Task objective: Of the records that follow, copy only the lines from the line containing "コンチネンタル艶後者エンブレム手術用手袋 パウダーフリー NEW(20双入) 8" to the line containing "Salle d'attente de l'aéroport de Hilo", both included, exactly as written.

Provided information:
%%
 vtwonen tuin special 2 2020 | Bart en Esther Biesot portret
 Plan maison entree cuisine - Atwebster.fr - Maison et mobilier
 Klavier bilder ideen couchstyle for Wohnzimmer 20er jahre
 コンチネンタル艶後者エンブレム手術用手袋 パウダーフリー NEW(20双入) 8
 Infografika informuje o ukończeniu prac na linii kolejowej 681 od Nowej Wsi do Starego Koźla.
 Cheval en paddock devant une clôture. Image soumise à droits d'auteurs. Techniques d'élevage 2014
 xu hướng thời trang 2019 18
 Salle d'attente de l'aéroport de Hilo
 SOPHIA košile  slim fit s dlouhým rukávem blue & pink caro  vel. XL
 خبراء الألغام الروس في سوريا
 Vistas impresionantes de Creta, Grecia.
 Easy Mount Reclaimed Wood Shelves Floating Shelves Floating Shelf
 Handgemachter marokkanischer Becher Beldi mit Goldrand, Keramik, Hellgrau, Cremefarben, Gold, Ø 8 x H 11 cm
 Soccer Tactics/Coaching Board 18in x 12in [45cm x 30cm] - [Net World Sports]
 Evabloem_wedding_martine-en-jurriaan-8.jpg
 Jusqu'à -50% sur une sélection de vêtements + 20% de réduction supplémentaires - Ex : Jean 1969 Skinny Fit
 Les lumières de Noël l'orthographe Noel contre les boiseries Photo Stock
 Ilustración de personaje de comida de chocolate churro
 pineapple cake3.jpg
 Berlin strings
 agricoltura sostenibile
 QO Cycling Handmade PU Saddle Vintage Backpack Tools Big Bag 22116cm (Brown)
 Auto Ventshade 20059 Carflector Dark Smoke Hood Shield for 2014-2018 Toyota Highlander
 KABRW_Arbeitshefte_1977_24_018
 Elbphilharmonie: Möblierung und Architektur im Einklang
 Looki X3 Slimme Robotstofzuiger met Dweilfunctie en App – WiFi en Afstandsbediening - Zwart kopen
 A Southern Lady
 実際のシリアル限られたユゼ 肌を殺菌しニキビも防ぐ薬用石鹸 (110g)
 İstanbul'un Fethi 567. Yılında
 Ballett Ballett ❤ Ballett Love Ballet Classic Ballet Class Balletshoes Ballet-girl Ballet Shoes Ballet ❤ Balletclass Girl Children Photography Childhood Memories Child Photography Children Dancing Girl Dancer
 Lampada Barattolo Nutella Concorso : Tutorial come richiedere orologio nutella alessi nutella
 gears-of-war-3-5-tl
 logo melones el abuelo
%%
Task result:
 コンチネンタル艶後者エンブレム手術用手袋 パウダーフリー NEW(20双入) 8
 Infografika informuje o ukończeniu prac na linii kolejowej 681 od Nowej Wsi do Starego Koźla.
 Cheval en paddock devant une clôture. Image soumise à droits d'auteurs. Techniques d'élevage 2014
 xu hướng thời trang 2019 18
 Salle d'attente de l'aéroport de Hilo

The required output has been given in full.